[What to do]: The expected output is every line of the data exactly as shown, minus the images.
------ Given material
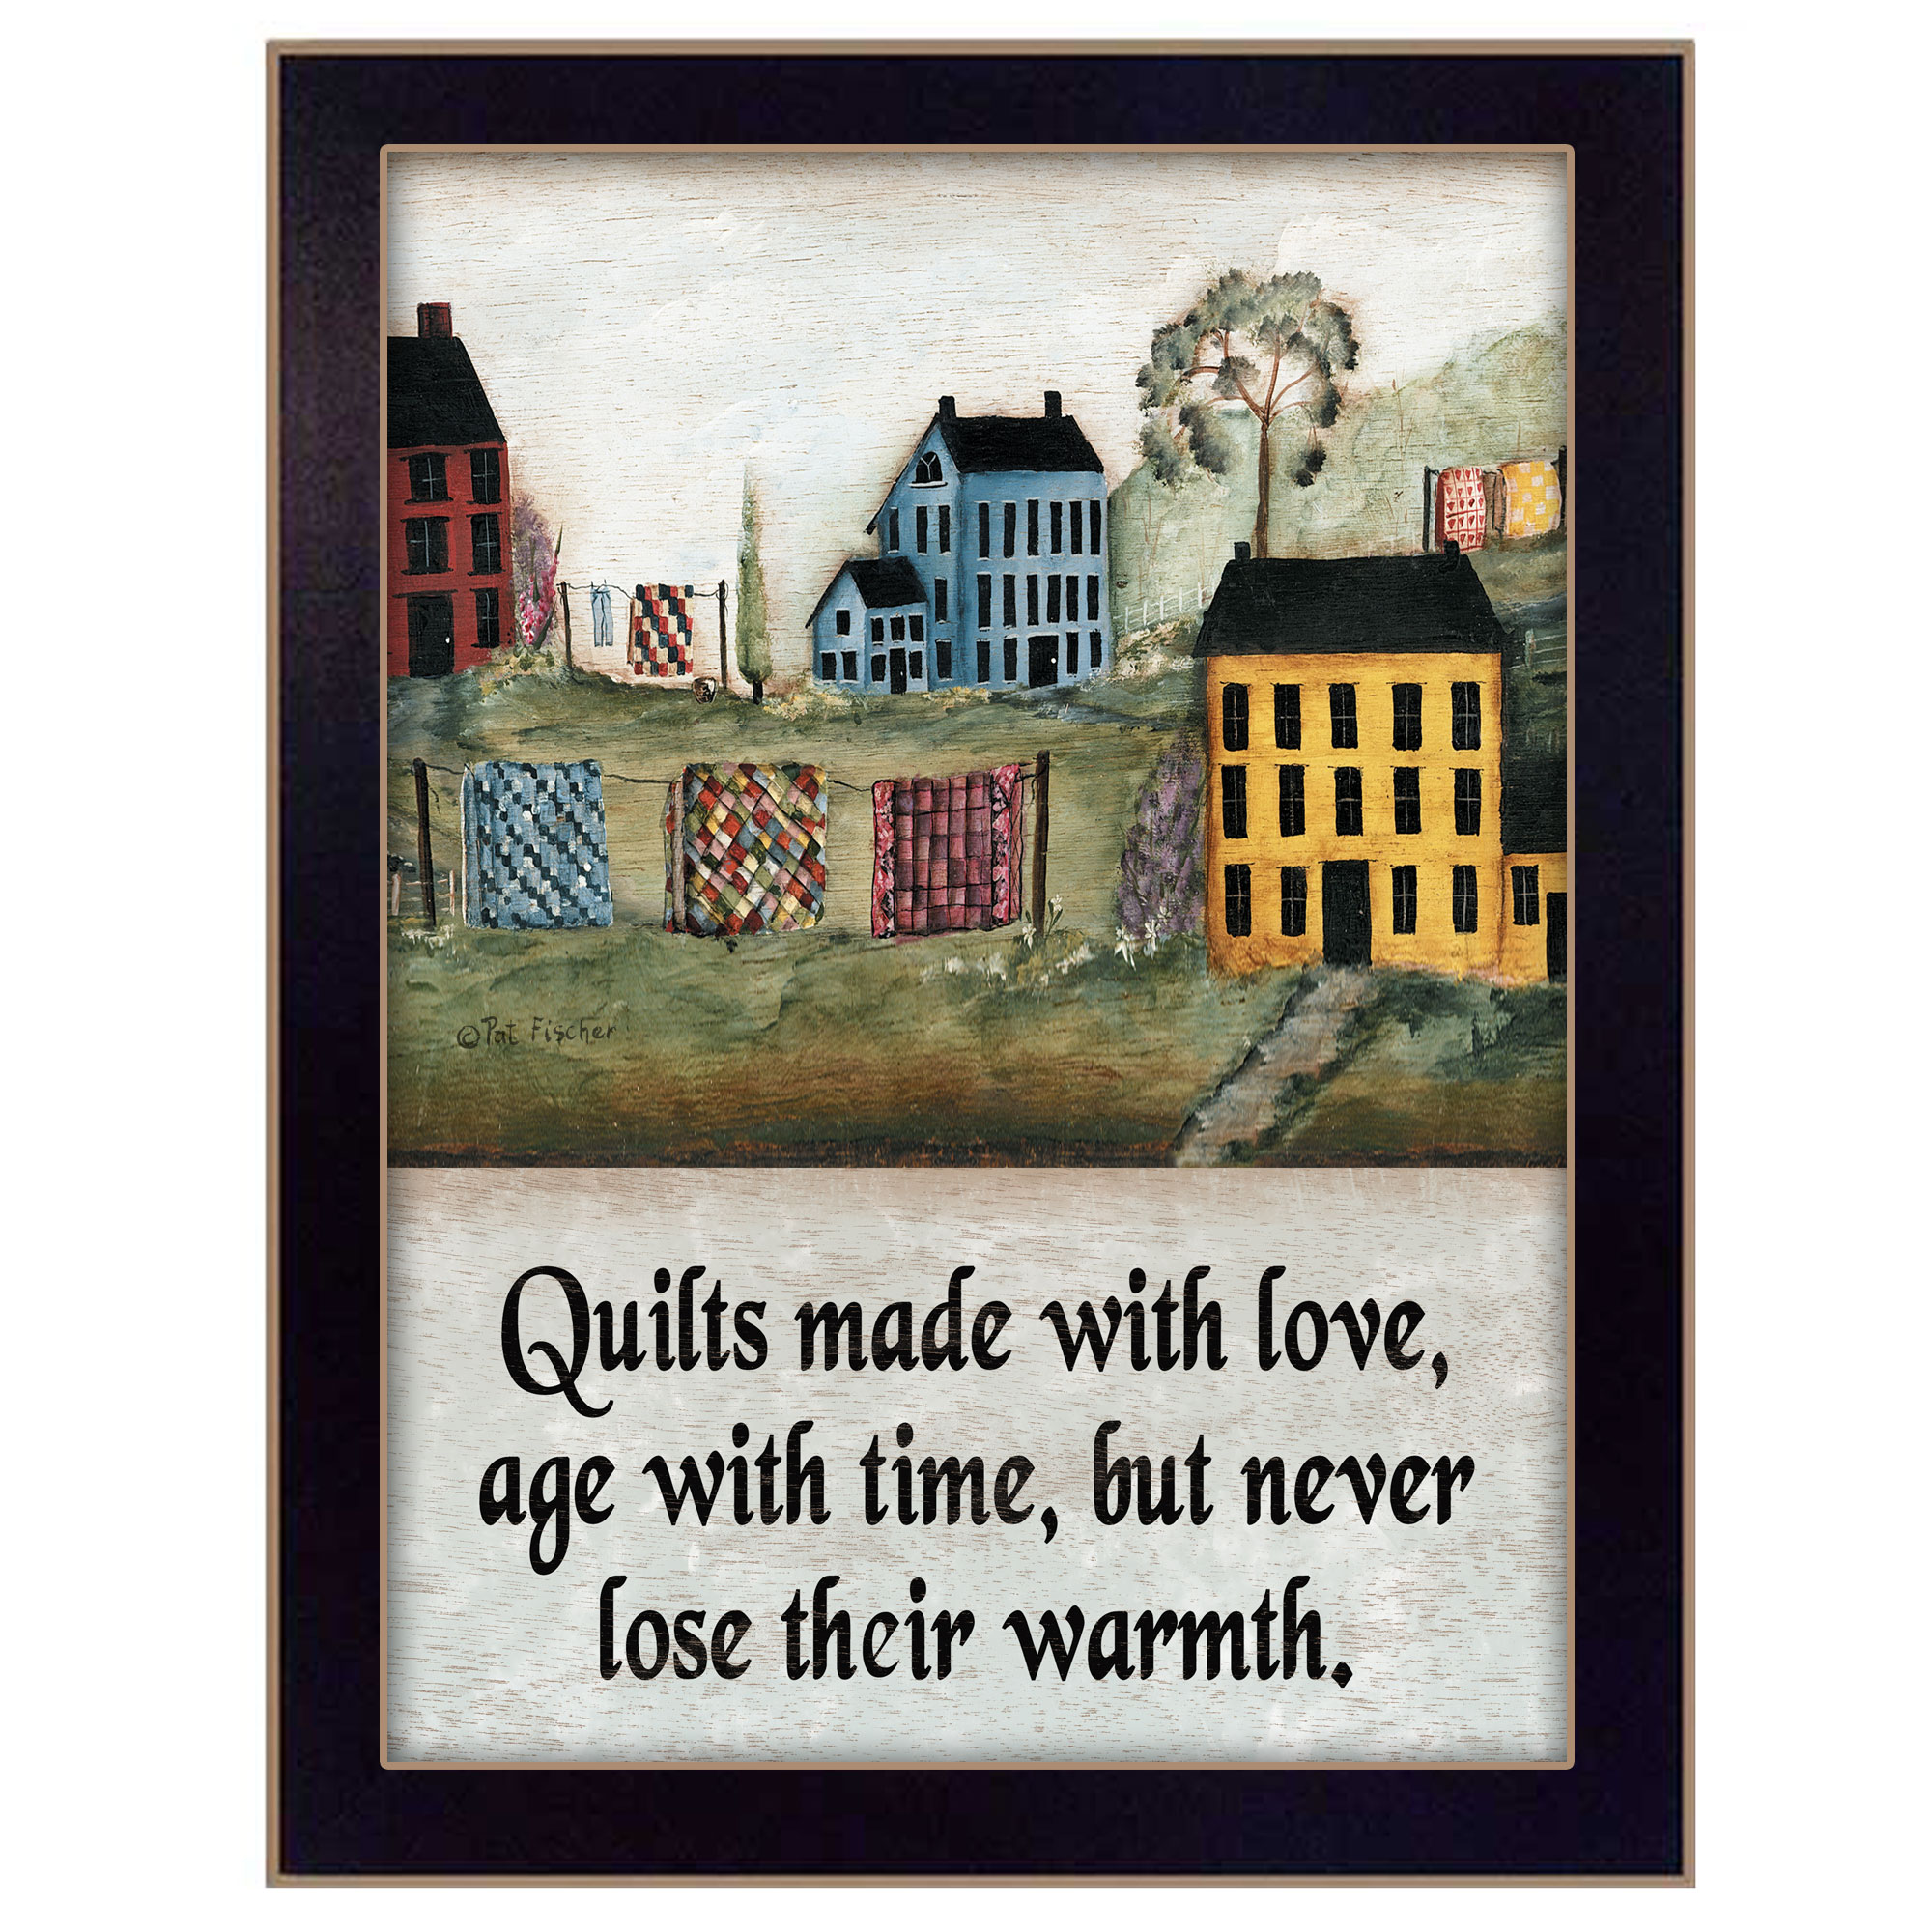 "Quilts Made With Love" By Pat Frisher, Printed Wall Art, Ready To Hang Framed Poster, Black Frame
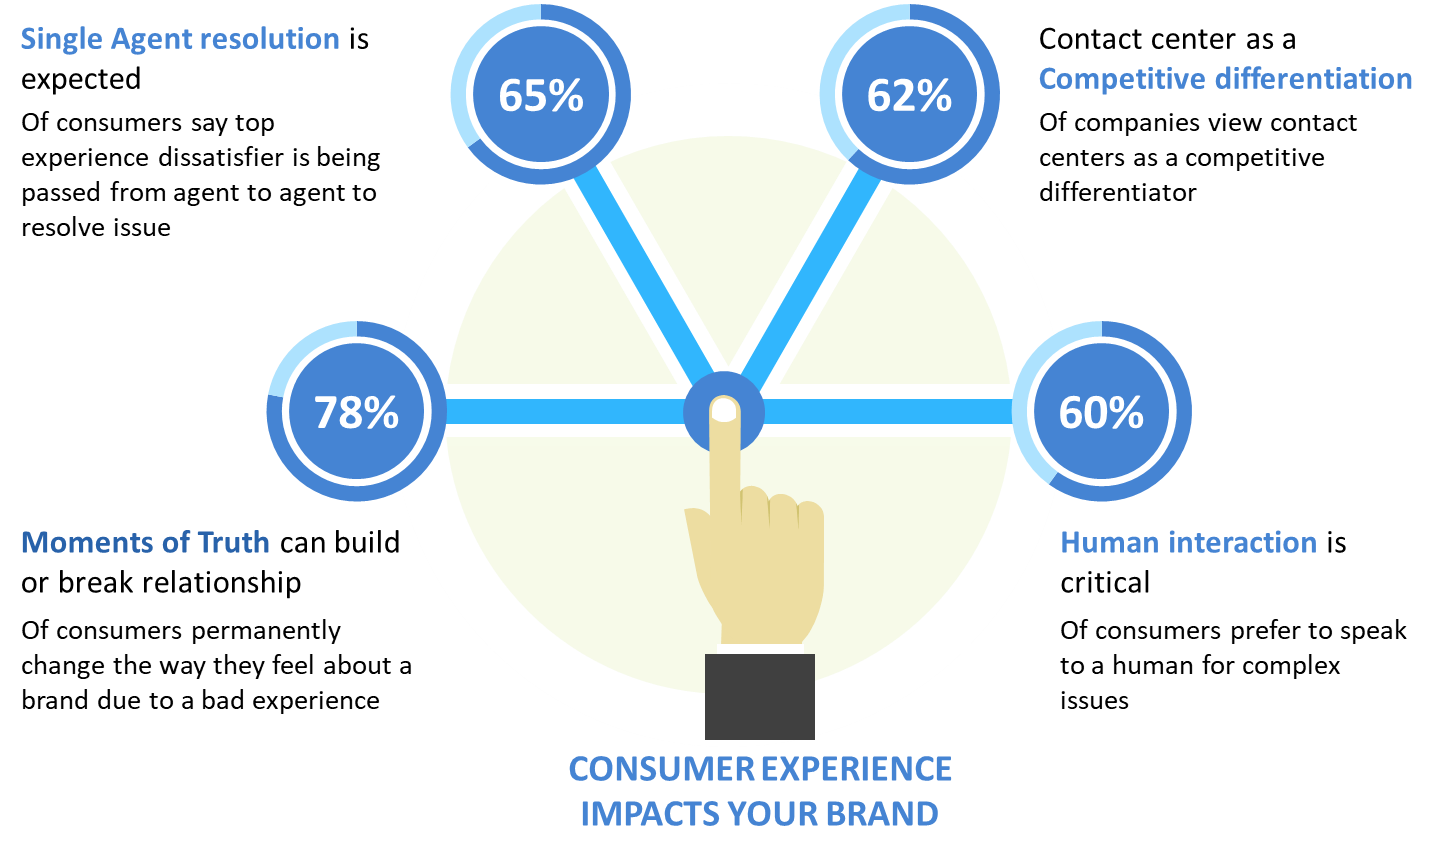 Customer experience impacts your brand
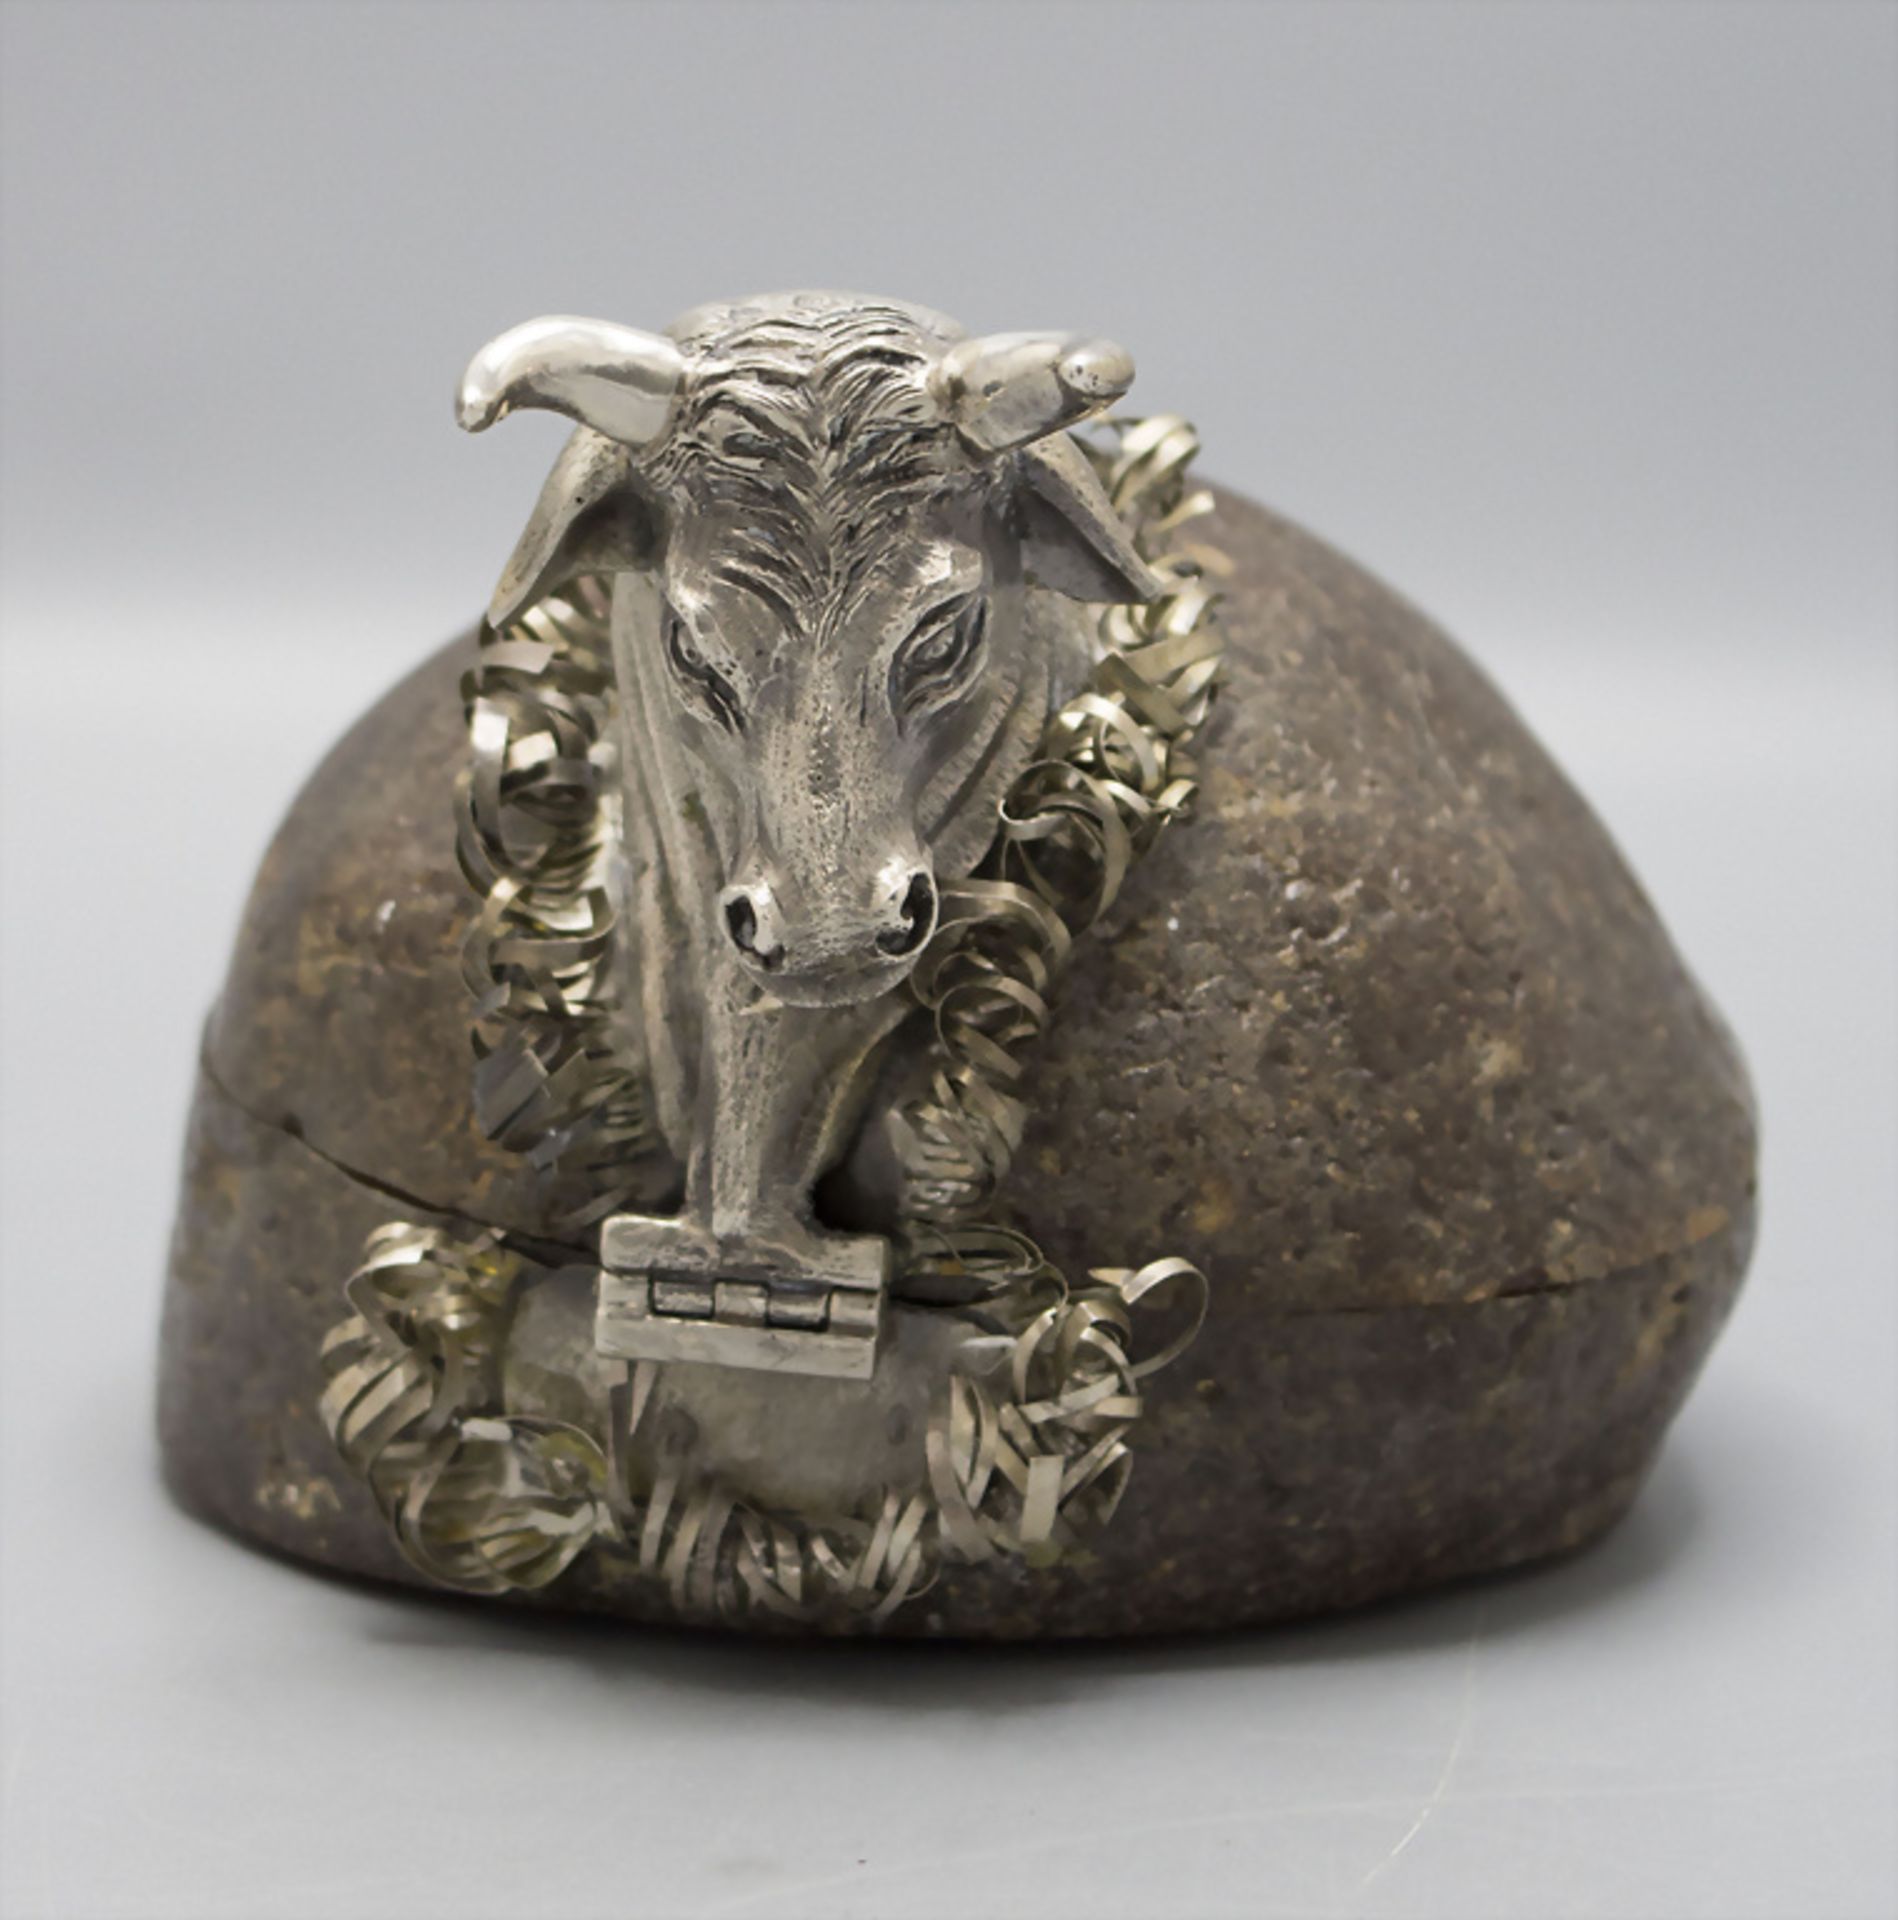 Achat- und Silberskluptur 'Stier' / An agate and silver sculpture of a bull, wohl Gabriele De ... - Image 2 of 6
------------
[Answer space]:
 "Quilts Made With Love" By Pat Frisher, Printed Wall Art, Ready To Hang Framed Poster, Black Frame
 Customer experience impacts your brand
 Achat- und Silberskluptur 'Stier' / An agate and silver sculpture of a bull, wohl Gabriele De ... - Image 2 of 6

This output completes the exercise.